А сегодня она удивила себя. Забыла обо всем на свете после первого же поцелуя Карлоса. Шезлонг страшно мешал ему. Карлос все повторял: «осторожнее», или «чтоб тебя», или «тьфу», пока она не сказала: «Его здесь нет, нет здесь шезлонга». Один раз он заехал шезлонгом по стене, выщербив штукатурку. «Они не заметят», – и Глория сунула ему в рот свою грудь.
Позволить себе какую-то там сдержанность она не могла. Она сдерживалась всю жизнь и не видела теперь смысла в том, чтобы вести себя, как монашенка.
Нынче ночью она вела себя отнюдь не по-монашески.
Глория улыбнулась во весь рот, поерзала: там немного саднило. Они же не были готовы. Организм ее не был готов. «Ладно ладно ЛАДНО, – говорил организм, – но ты ведь нас НЕ ПРЕДУПРЕДИЛА». Впрочем, когда Карлос протиснулся в нее и толчок пошел за толчком, готовности в организме было уже хоть отбавляй.
Нет, он был с ней нежен. И руки у него оказались совсем не такими, какими мог обладать человек, провозившийся всю жизнь с деревом и гвоздями. Он же управляющий, напомнила себе Глория. Годы назад его кожа, быть может, и была дубленой. Ну так и хорошо, что он достался ей теперь, а не тогда. Она нуждалась в нежности. Хотя представить его в каске, в поясе для инструментов, с молотком, закрепленным в петле на штанах, с закатанными по локоть рукавами рубашки…
Ладони у него были, как масло. Разве мозоли не держатся годами?
Может, он отдраил их пемзой.
Прибегающий к пемзе латинский любовник.
У Чарли Ди Скала отец был, если память ей не изменяет, итальянцем, а мать ирландкой. Реджи – черный. Выходит, она сделала тройную североамериканскую постельную ставку и выиграла.
Примите наши поздравления.
Глорию обуревали странноватого рода патриотические чувства – как если б, впустив в себя мексиканца, она заслужила медаль за отвагу.
После того как они махнули рукой на шезлонг, Карлос не произнес почти ни слова. А те немногие, что произнес, отражали только его желание порадовать ее.
Он говорил совсем как его отец; в какие-то мгновения Глория закрывала глаза и ей казалось, что отец-то его на ней и лежит. Или все-таки он сам. Или они оба, их сплав – давно знакомое тепло, облекшееся в новое тело.

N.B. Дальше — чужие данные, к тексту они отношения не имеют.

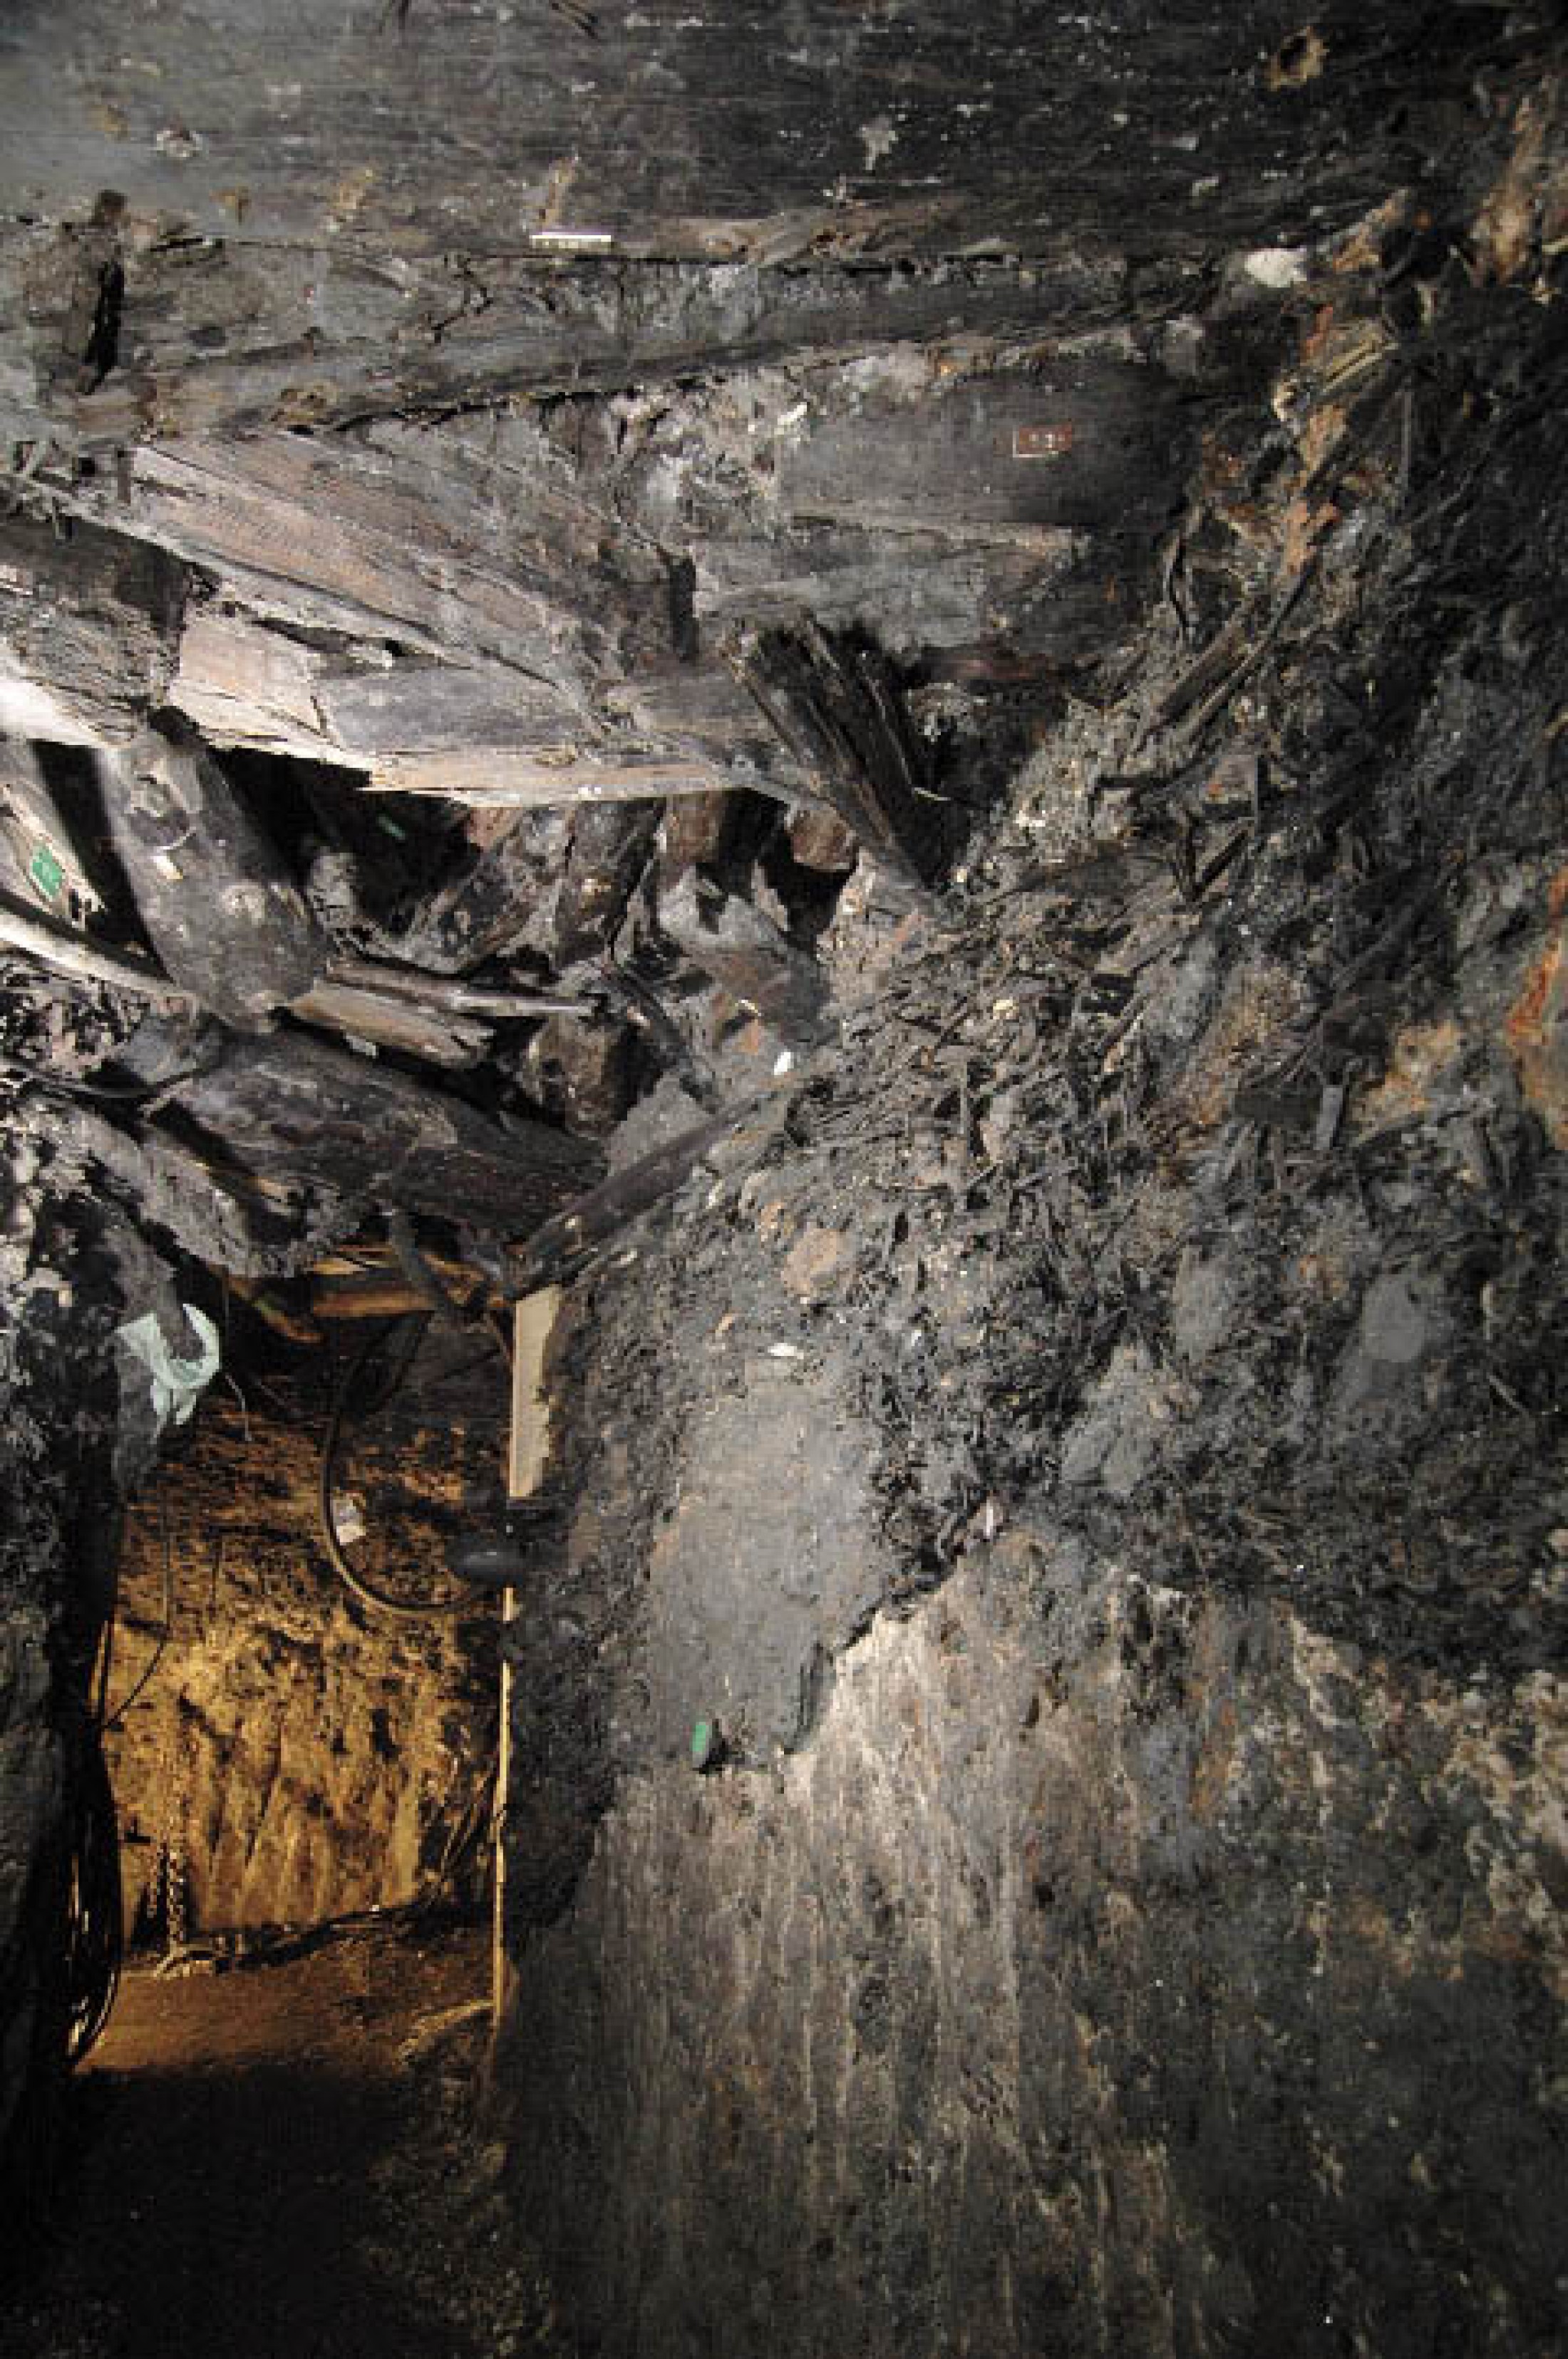 : Reste des bronzezeitlichen Bergbaus im Christian von Tuschwerk. Blick von unten auf einen zusammengestürzten Schachtausbau. (Foto: A. W. Rausch - NHM Wien)

Чувство вины и радость пришли к ней вместе, потолкались немного в дверях, и она, ощутив их приход, заплакала. Акт прелюбодейства обратился – так уж сложились обстоятельства – в акт благоговения; в любовное соитие с прошлым; в возвращение домой.
Глава двадцать шестая
Уже многие годы никто не спал рядом с ней в постели. Матрас прогибался под весом Карлоса. Каждые полчаса примерно он переворачивался на другой бок, срывая ее с самого краешка сна. К четырем утра текила из ее организма выветрилась, оставив на подмену себе чудовищное похмелье. Глория перешла в свой номер, полежала в постели, наблюдая, как утренний свет ползет по трещинам штукатурки. В четверть седьмого она проглотила всухую три таблетки аспирина.
К семи тридцати, уже умытая, причесанная и одетая, она спустилась вниз, на поиски кофе. За стойкой портье никого не было, на грязной стеклянной двери висела с внутренней ее стороны табличка, уверявшая: СКОРО ВЕРНУСЬ.
Глория перешла парковку, впервые рассмотрела по-настоящему впадину, посреди которой стоял мотель. Огромные кактусы карнегии возвышались над ней группками, точно отдельные семейства, матери которых прикрывали своими телами невысокий еще молодняк, украсивший себя лиловатыми цветами. Один из кактусов – дядюшка-о-котором-у-нас-не-принято-говорить – ухитрился вырасти горизонтально, и эта эксцентричность дорого ему обошлась: он надломился под собственным весом. Стоявшие за ним вертикально растения говорили молодежи: «Видите, что с вами будет, если и вы так себя поведете?»
Никаких указателей на шоссе не наблюдалось, равно как и знаков ограничения скорости, полос движения, предупреждений о близости поворота. Шоссе проложили по земле и забыли о нем; только следы «доджа» и выделялись в его пыли. По обеим сторонам шоссе тянулись глубокие сухие канавы, патрулируемые нервными ящерками. Если бы Глория уклонилась ночью хотя бы на фут в сторону им обоим пришел бы каюк. Она мысленно поблагодарила неведомого ей святого, оберегающего водителей от аварий.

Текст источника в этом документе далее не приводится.